# What is the deal with the black Madonna



## Pergamum (Jan 13, 2013)

Some Catholics make pilgrimages to shrines of the black Madonna, like in Montserrat (sp?) France. 

What is the deal with the black Madonna? Did people say she appeared in this form in an apparition or vision?

In the Philippines this week, I have heard they are parading a statue of the "black Nazarene" as well.

Help me learn more about shrines and statues and visions.


----------



## AThornquist (Jan 13, 2013)

Oh I thought the title of this thread was referring to Nicki Minaj... Guess I'll be moving on then.


----------



## Pergamum (Jan 13, 2013)

Andrew, I pictured you more as a Bieber fan!


----------



## Bill The Baptist (Jan 13, 2013)

Pergamum said:


> Some Catholics



Well that explains it.


----------



## Edward (Jan 13, 2013)

I'm not familiar with a French version. The Black Madonna usually refers to the one in Poland (had to look up the name of the city- Częstochowa.)

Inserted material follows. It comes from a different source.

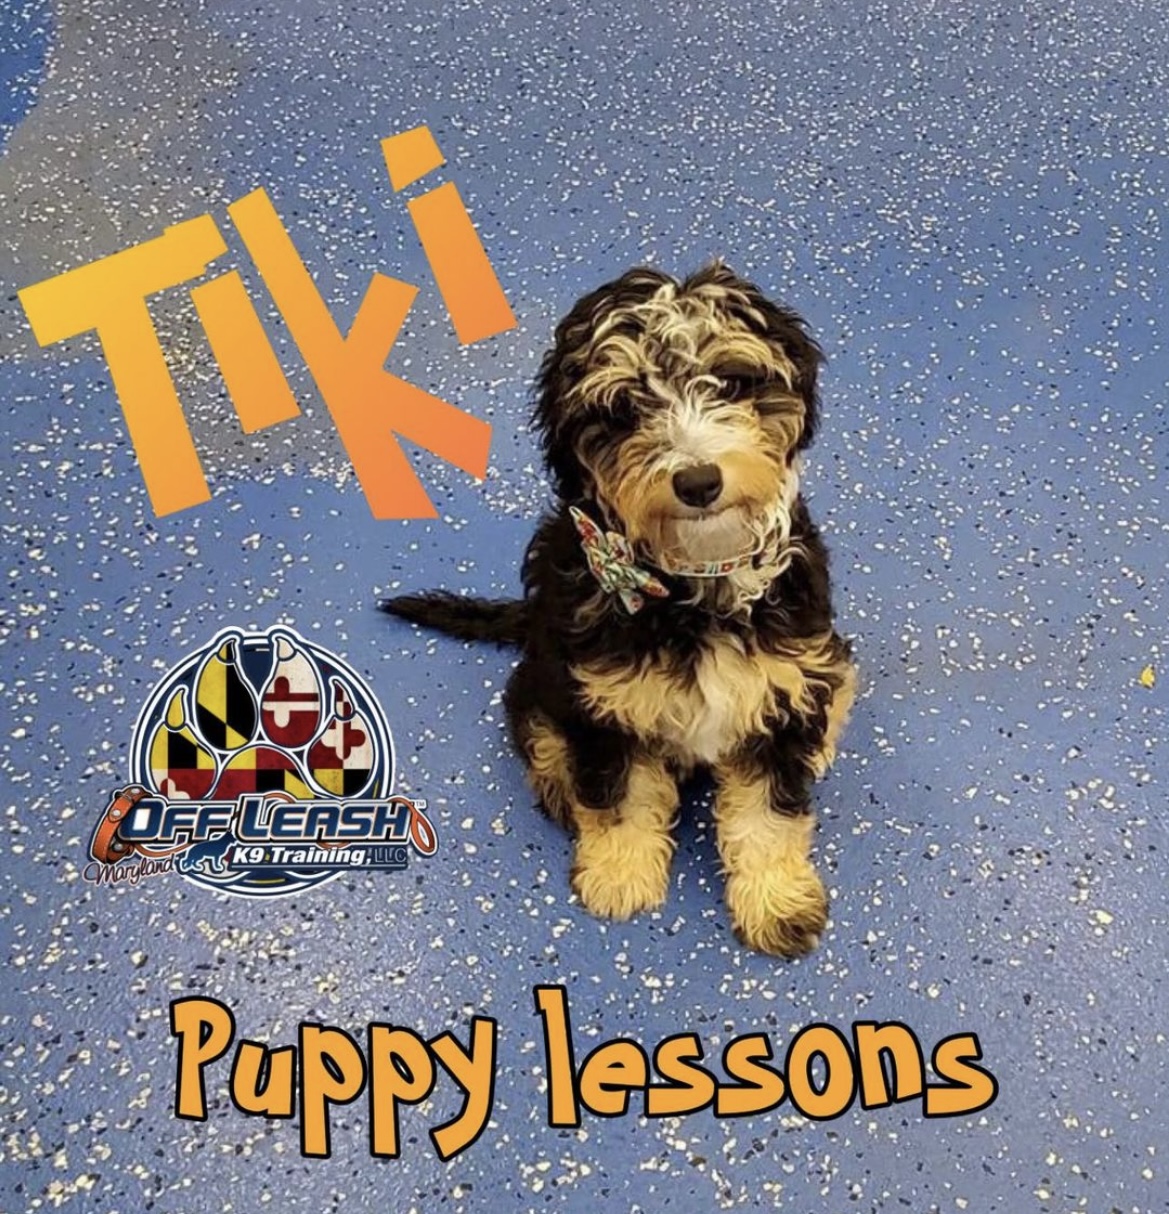 Puppy named Tiki who completed our puppy training lessons

You can Google black madonna poland for the Wikipedia - per board rules, I won't post a link due to a Second Commandment violation in the Wiki page.


----------



## Somerset (Jan 13, 2013)

The monastery at Częstochowa is an amazing place - there is a whole room with walking sticks, crutches and wheel chairs attached to the walls. There is also a room full of valuables given by the faithful - which is probably more accurate.


----------



## JoannaV (Jan 13, 2013)

I read a vaguely interesting article that made several comments, some of which would be helpful to you. It's by Ella Rozett, you can find it real easy via google. The fourth section, "The Church's explanations for Black Madonnas" is the helpful part.

(I thought it was ok to post links so long as you explained potential problems with the link? I can't remember?)


----------



## Edward (Jan 13, 2013)

JoannaV said:


> (I thought it was ok to post links so long as you explained potential problems with the link? I can't remember?)

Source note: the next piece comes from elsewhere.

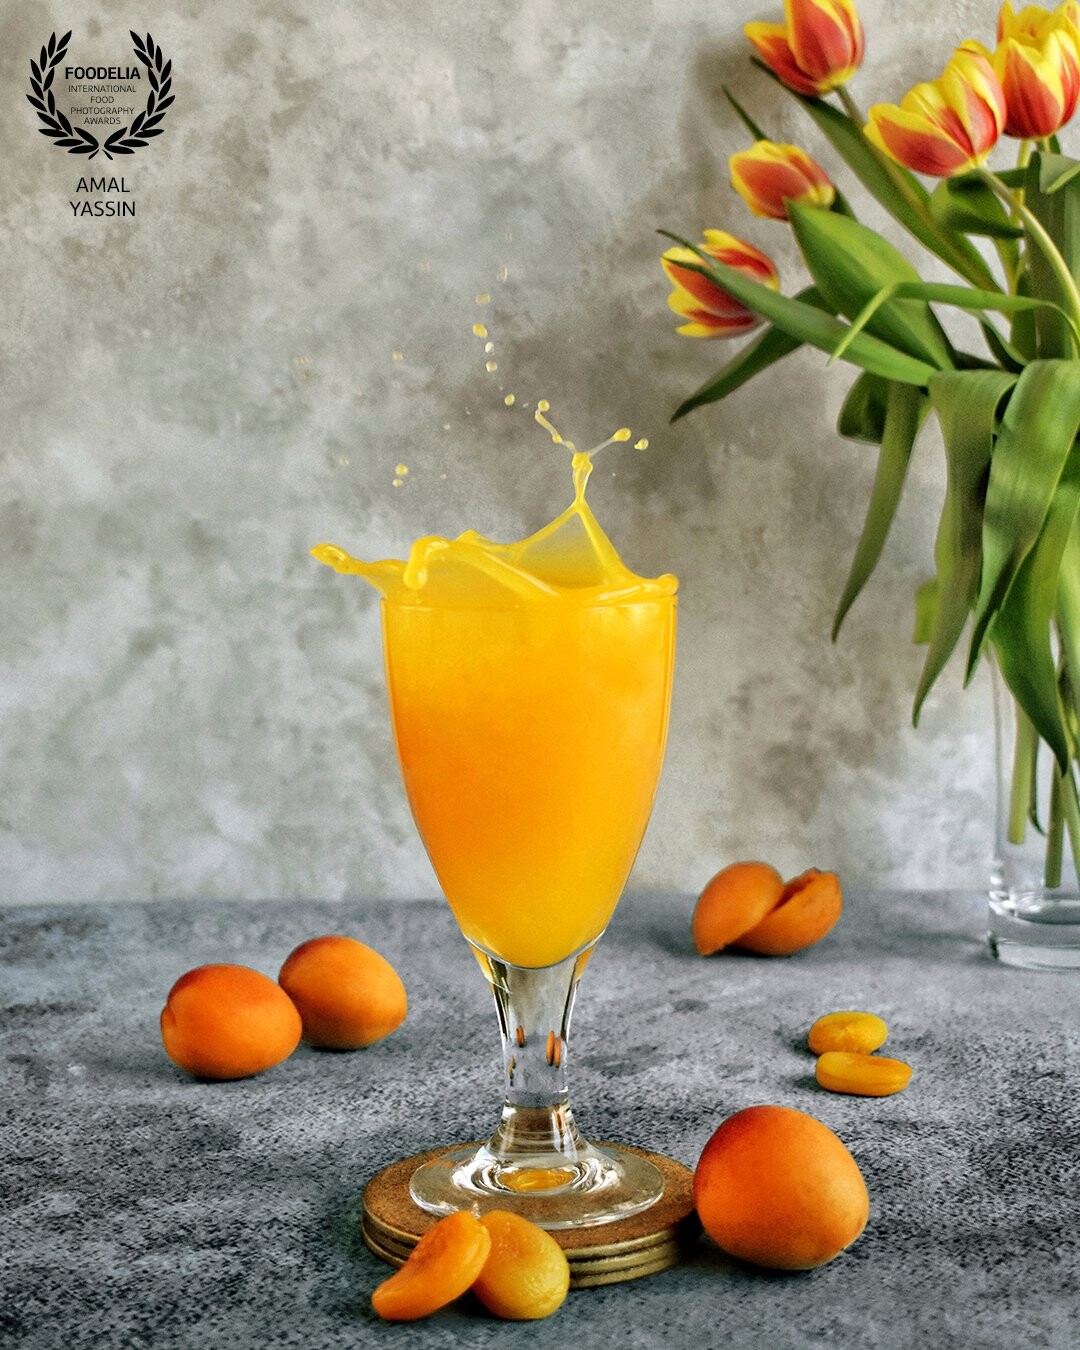 This photo is very special to me as it was my first attempt at splash photography! I used natural light to capture this delicious drink. It's a famous Middle Eastern drink called (Qamar Al-Deen) which is made from dried apricot paste.

You may be correct on that.


----------



## Pergamum (Jan 13, 2013)

Yes, please link me anything that would help my research.


----------



## JoannaV (Jan 14, 2013)

Interfaith_Black_Madonna This page contains Madonna+child pictures.


----------



## Pergamum (Jan 14, 2013)

Do you think the Black Madonnas originate from pagan statues of Isis and Horus or previous goddesses like Artemis?


----------



## Edward (Jan 14, 2013)

Pergamum said:


> Do you think the Black Madonnas originate from pagan statues of Isis and Horus or previous goddesses like Artemis?



No, they originate from the Roman worship (they'd probably call it veneration) of Mary.


----------